A standardized variable is often called a
z -score.
standardized_flights <- flights %>%
filter(!is.na(air_time)) %>%
group_by(dest, origin) %>%
mutate(
air_time_mean = mean(air_time),
air_time_sd = sd(air_time),
n = n()
) %>%
ungroup() %>%
mutate(air_time_standard = (air_time - air_time_mean) / (air_time_sd + 1))
Note that the ungroup() here is not necessary.
The distribution of the standardized air flights has long right tail.
ggplot(standardized_flights, aes(x = air_time_standard)) +
geom_density()
## Warning: Removed 4 rows containing non-finite values (stat_density).
Unusually fast flights are those flights with the smallest standardized values.
standardized_flights %>%
arrange(air_time_standard) %>%
select(
carrier, flight, origin, dest, month, day,
air_time, air_time_mean, air_time_standard
) %>%
head(10) %>%
print(width = Inf)
## # A tibble: 10 x 9
## carrier flight origin dest month day air_time air_time_mean
## <chr> <int> <chr> <chr> <int> <int> <dbl> <dbl>
## 1 DL 1499 LGA ATL 5 25 65 114.
## 2 EV 4667 EWR MSP 7 2 93 151.
## 3 EV 4292 EWR GSP 5 13 55 93.2
## 4 EV 3805 EWR BNA 3 23 70 115.
## 5 EV 4687 EWR CVG 9 29 62 96.1
## 6 B6 2002 JFK BUF 11 10 38 57.1
## 7 DL 1902 LGA PBI 1 12 105 146.
## 8 DL 161 JFK SEA 7 3 275 329.
## 9 EV 5486 LGA PIT 4 28 40 57.7
## 10 B6 30 JFK ROC 3 25 35 51.9
## air_time_standard
## <dbl>
## 1 -4.56
## 2 -4.46
## 3 -4.20
## 4 -3.73
## 5 -3.60
## 6 -3.38
## 7 -3.34
## 8 -3.34
## 9 -3.15
## 10 -3.10
I used width = Inf to ensure that all columns will be printed.
The fastest flight is DL1499 from LGA to ATL which departed on 2013-05-25 at 17:09. It has an air time of 65 minutes, compared to an average flight time of 114 minutes for its route. This is 4.6 standard deviations below the average flight on its route.
The median and IQR are more resistant to outliers than the mean and standard deviation. The following method uses the median and inter-quartile range, which are less sensitive to outliers.
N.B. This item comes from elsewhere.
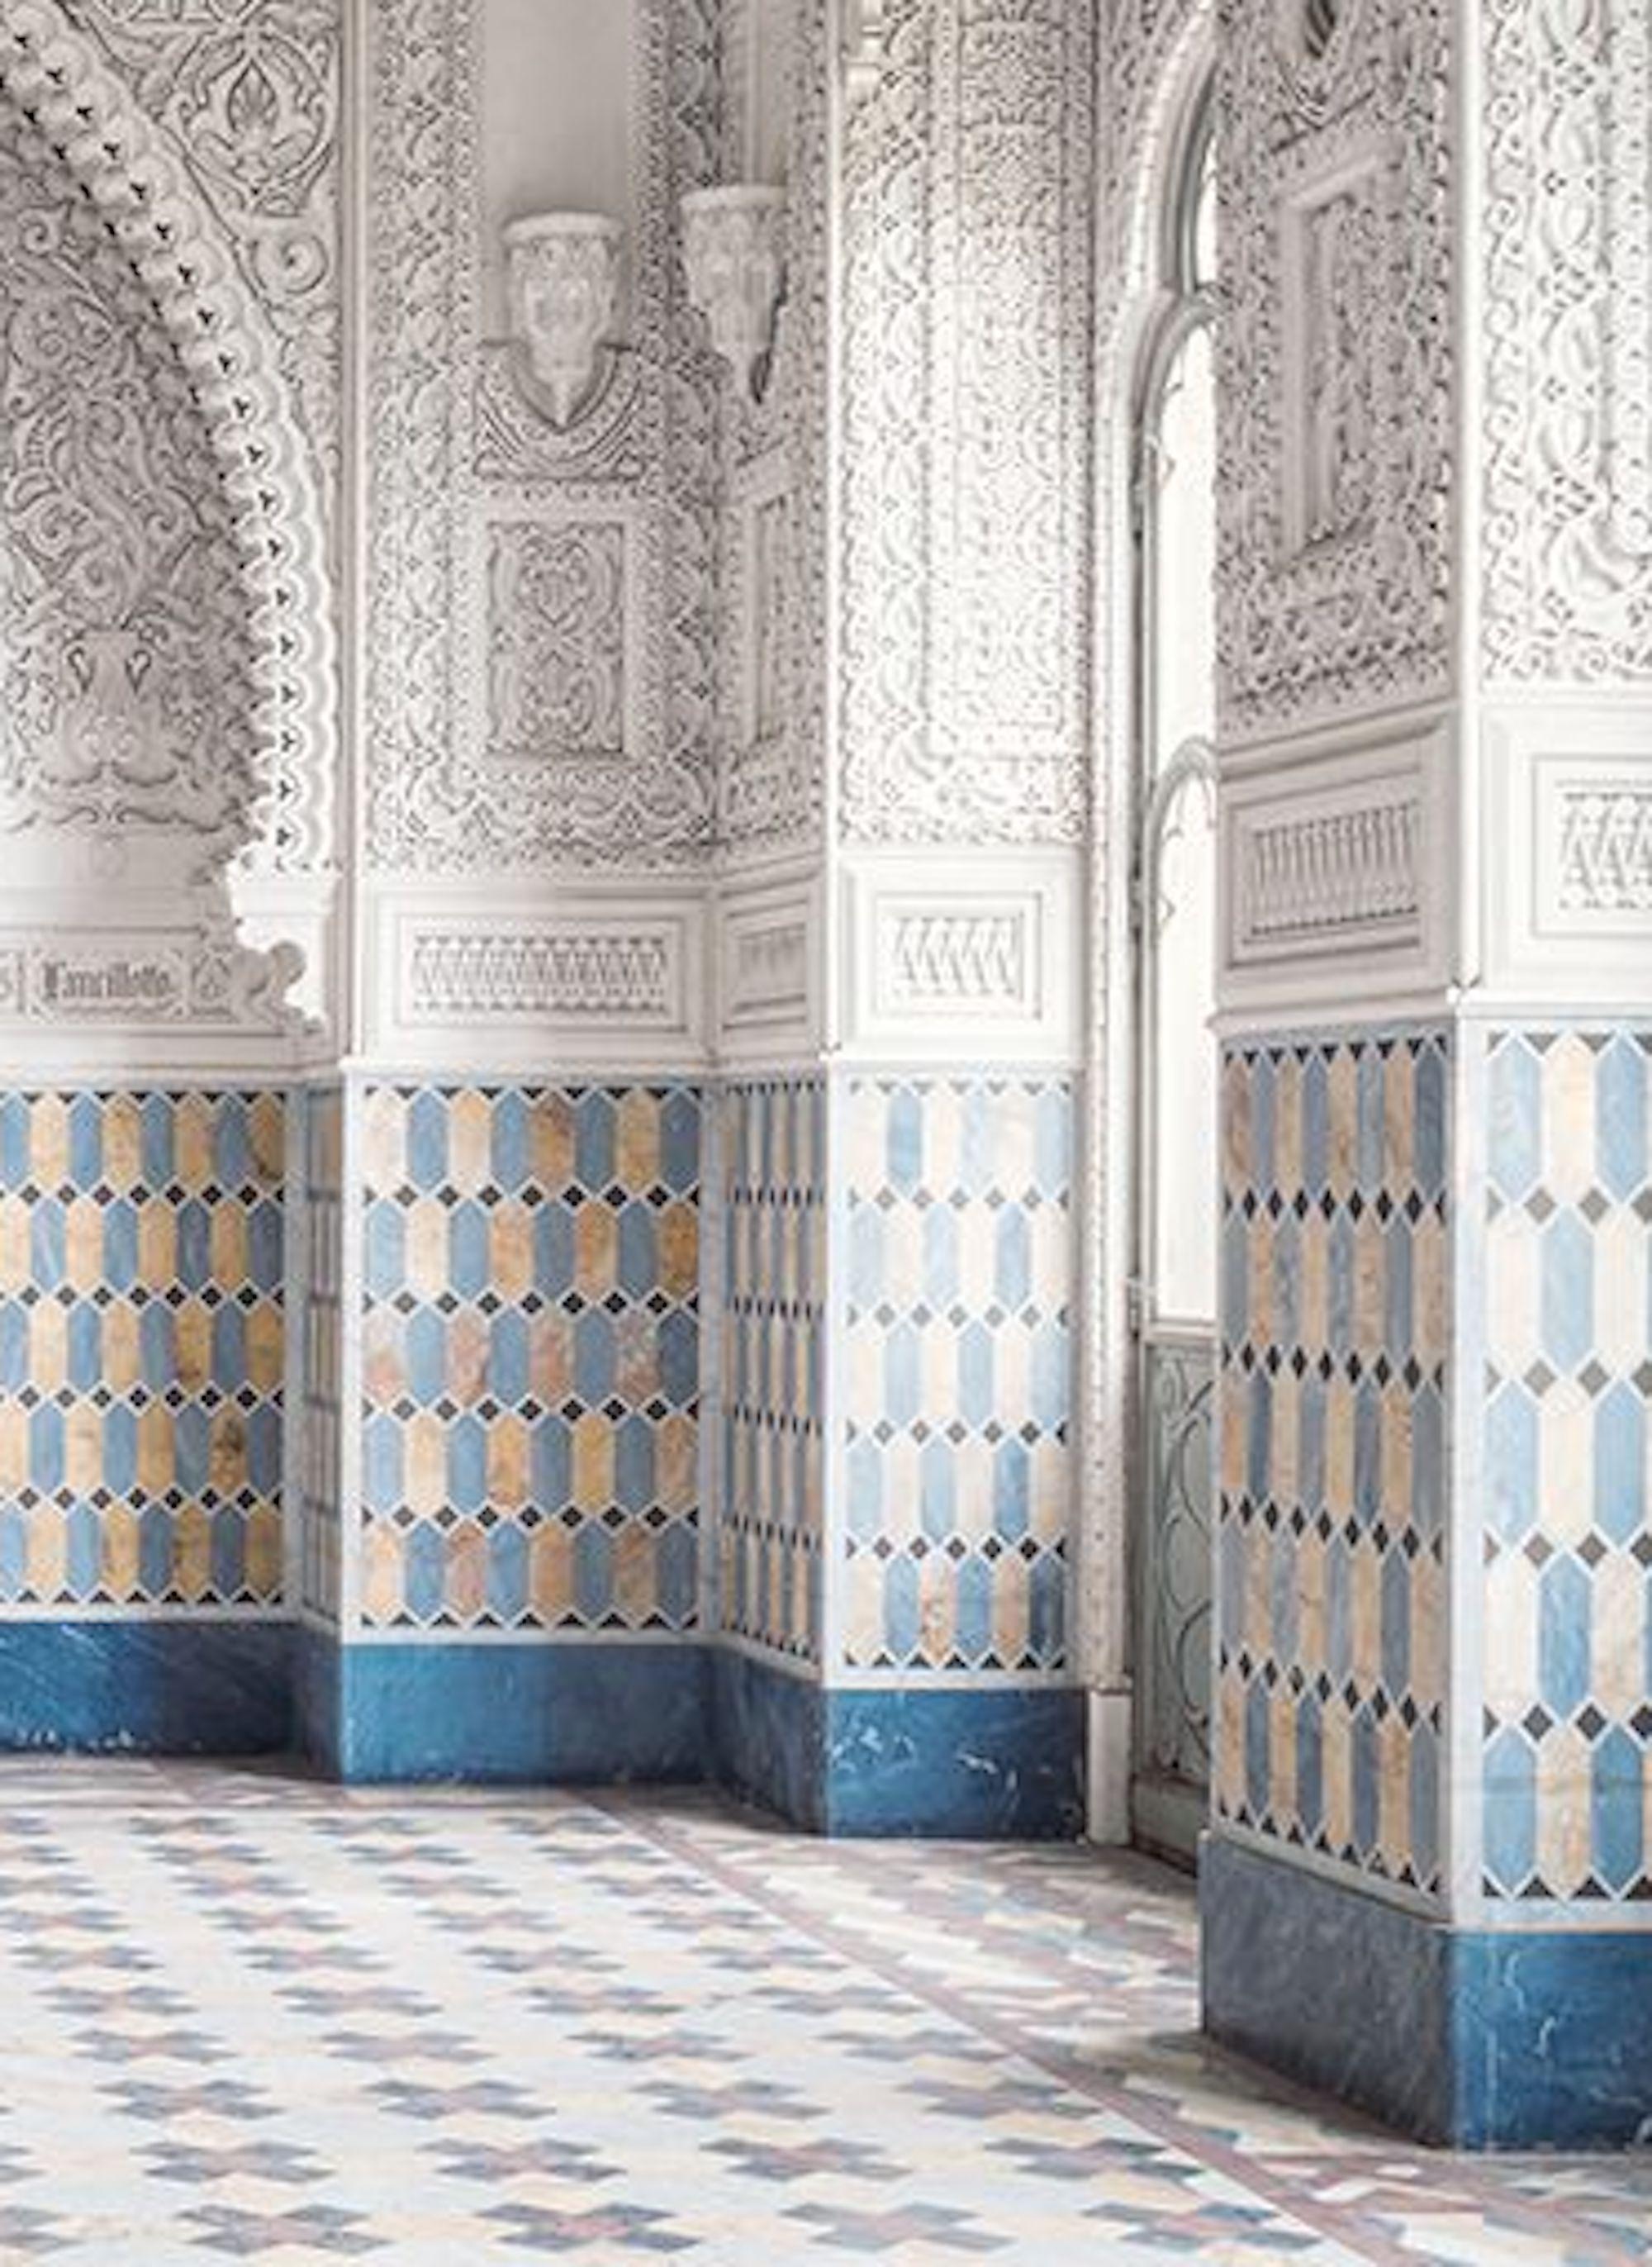 Arabesque by Gina Soden - Interior photography, Moorish architecture, urbex For Sale 1

standardized_flights2 <- flights %>%
filter(!is.na(air_time)) %>%
group_by(dest, origin) %>%
mutate(
air_time_median = median(air_time),
air_time_iqr = IQR(air_time),
n = n(),
air_time_standard = (air_time - air_time_median) / air_time_iqr
)
The distribution of the standardized air flights using this new definition also has long right tail of slow flights.
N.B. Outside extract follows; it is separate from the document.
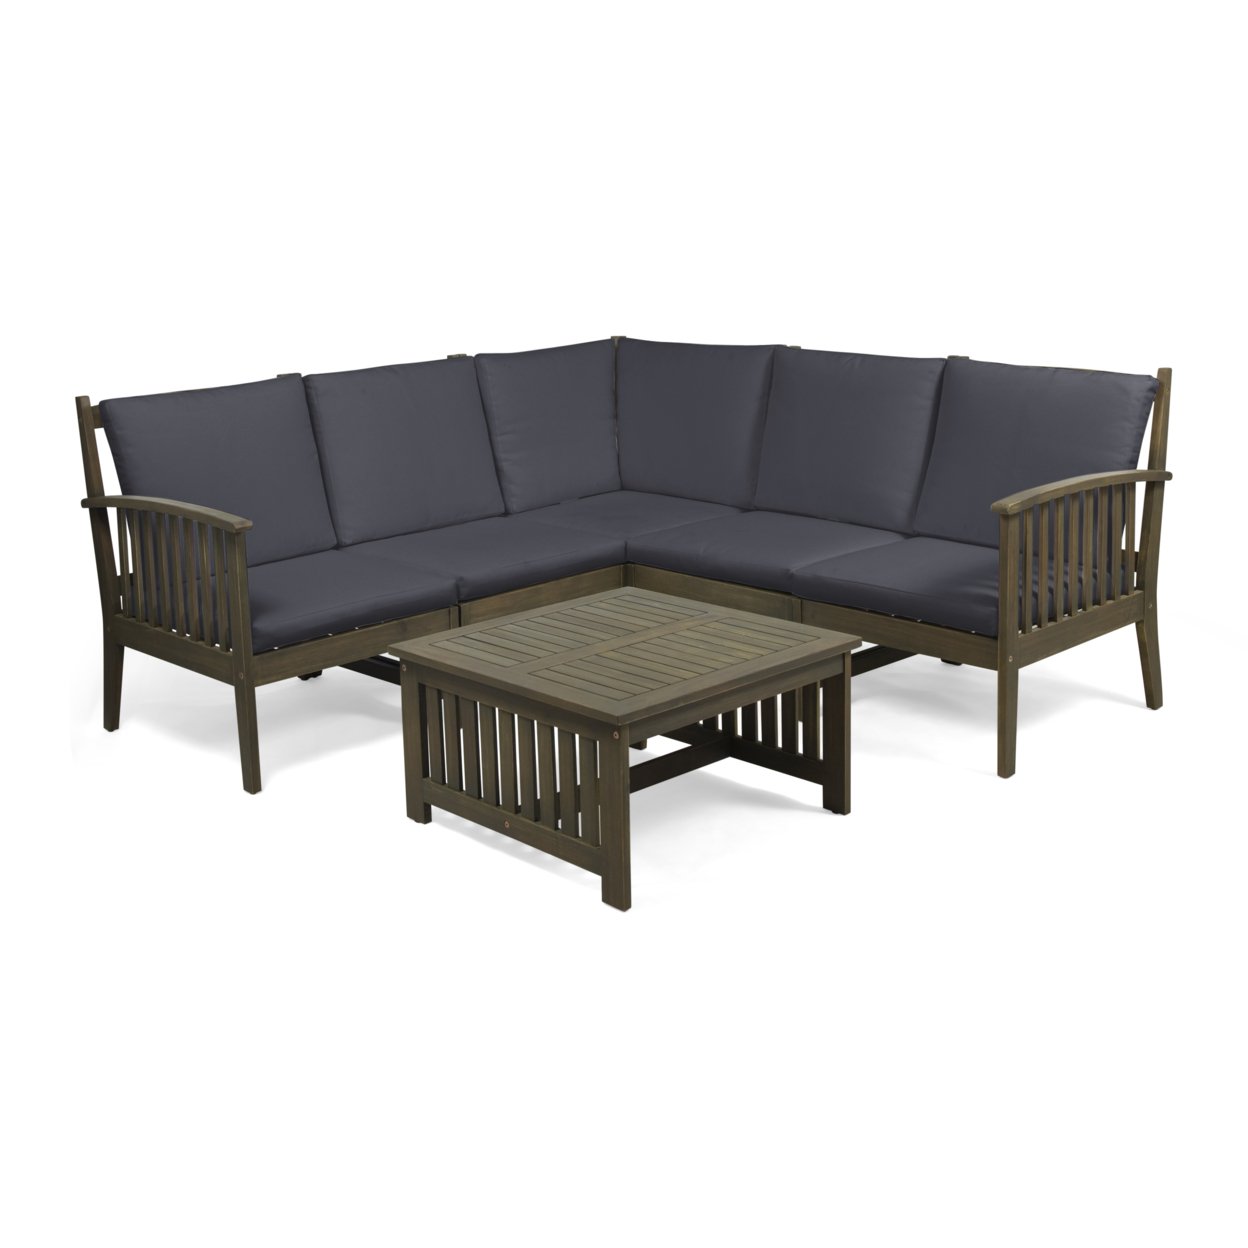 Maud Outdoor 5 Seater Acacia Wood Sofa Sectional Set - Gray, Dark Gray

ggplot(standardized_flights2, aes(x = air_time_standard)) +
geom_density()
## Warning: Removed 4 rows containing non-finite values (stat_density).
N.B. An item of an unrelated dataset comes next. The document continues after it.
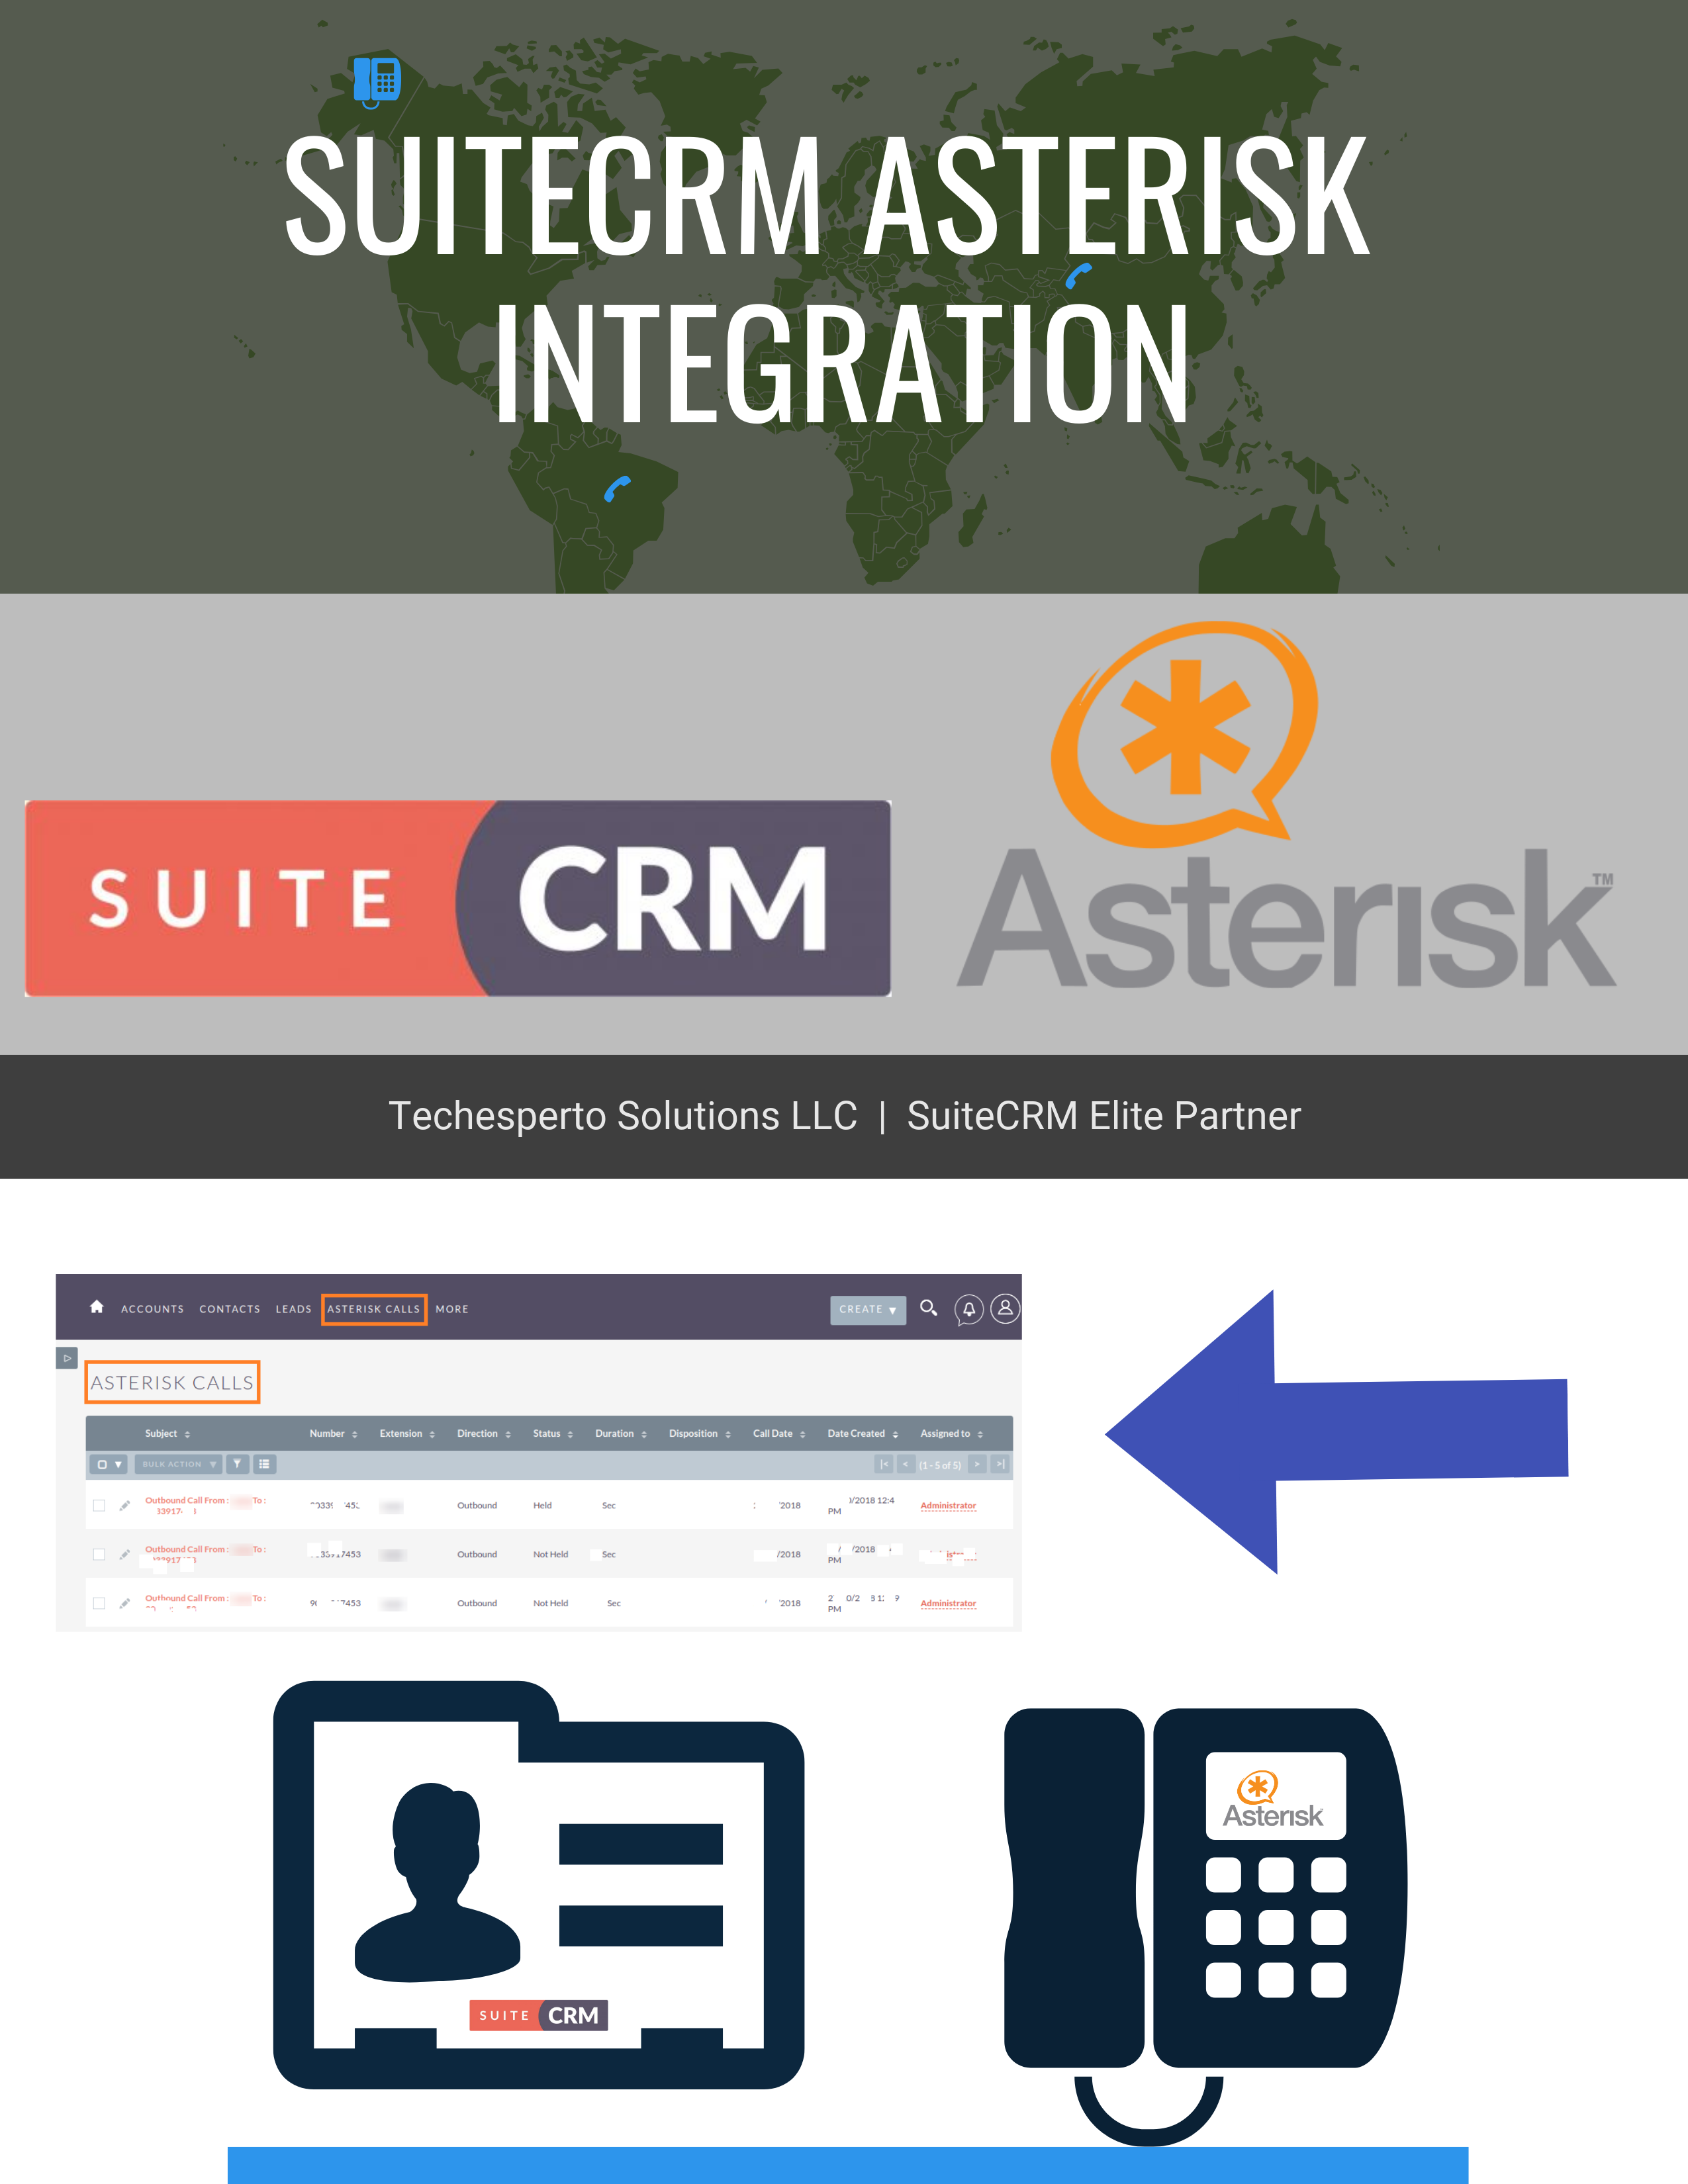 SuiteCRM Asterisk integration

Unusually fast flights are those flights with the smallest standardized values.
standardized_flights2 %>%
arrange(air_time_standard) %>%
select(
carrier, flight, origin, dest, month, day, air_time,
air_time_median, air_time_standard
) %>%
head(10) %>%
print(width = Inf)
## # A tibble: 10 x 9
## # Groups: dest, origin [10]
## carrier flight origin dest month day air_time air_time_median
## <chr> <int> <chr> <chr> <int> <int> <dbl> <dbl>
## 1 EV 4667 EWR MSP 7 2 93 149
## 2 DL 1499 LGA ATL 5 25 65 112
## 3 US 2132 LGA BOS 3 2 21 37
## 4 B6 30 JFK ROC 3 25 35 51
## 5 B6 2002 JFK BUF 11 10 38 57
## 6 EV 4292 EWR GSP 5 13 55 92
## 7 EV 4249 EWR SYR 3 15 30 39
## 8 EV 4580 EWR BTV 6 29 34 46
## 9 EV 3830 EWR RIC 7 2 35 53
## 10 EV 4687 EWR CVG 9 29 62 95
## air_time_standard
## <dbl>
## 1 -3.5
## 2 -3.36
## 3 -3.2
## 4 -3.2
## 5 -3.17
## 6 -3.08
## 7 -3
## 8 -3
## 9 -3
## 10 -3
Knowing the substance of the data analysis at hand is one of the most important tools of a data scientist. The tools of statistics are a complement, not a substitute.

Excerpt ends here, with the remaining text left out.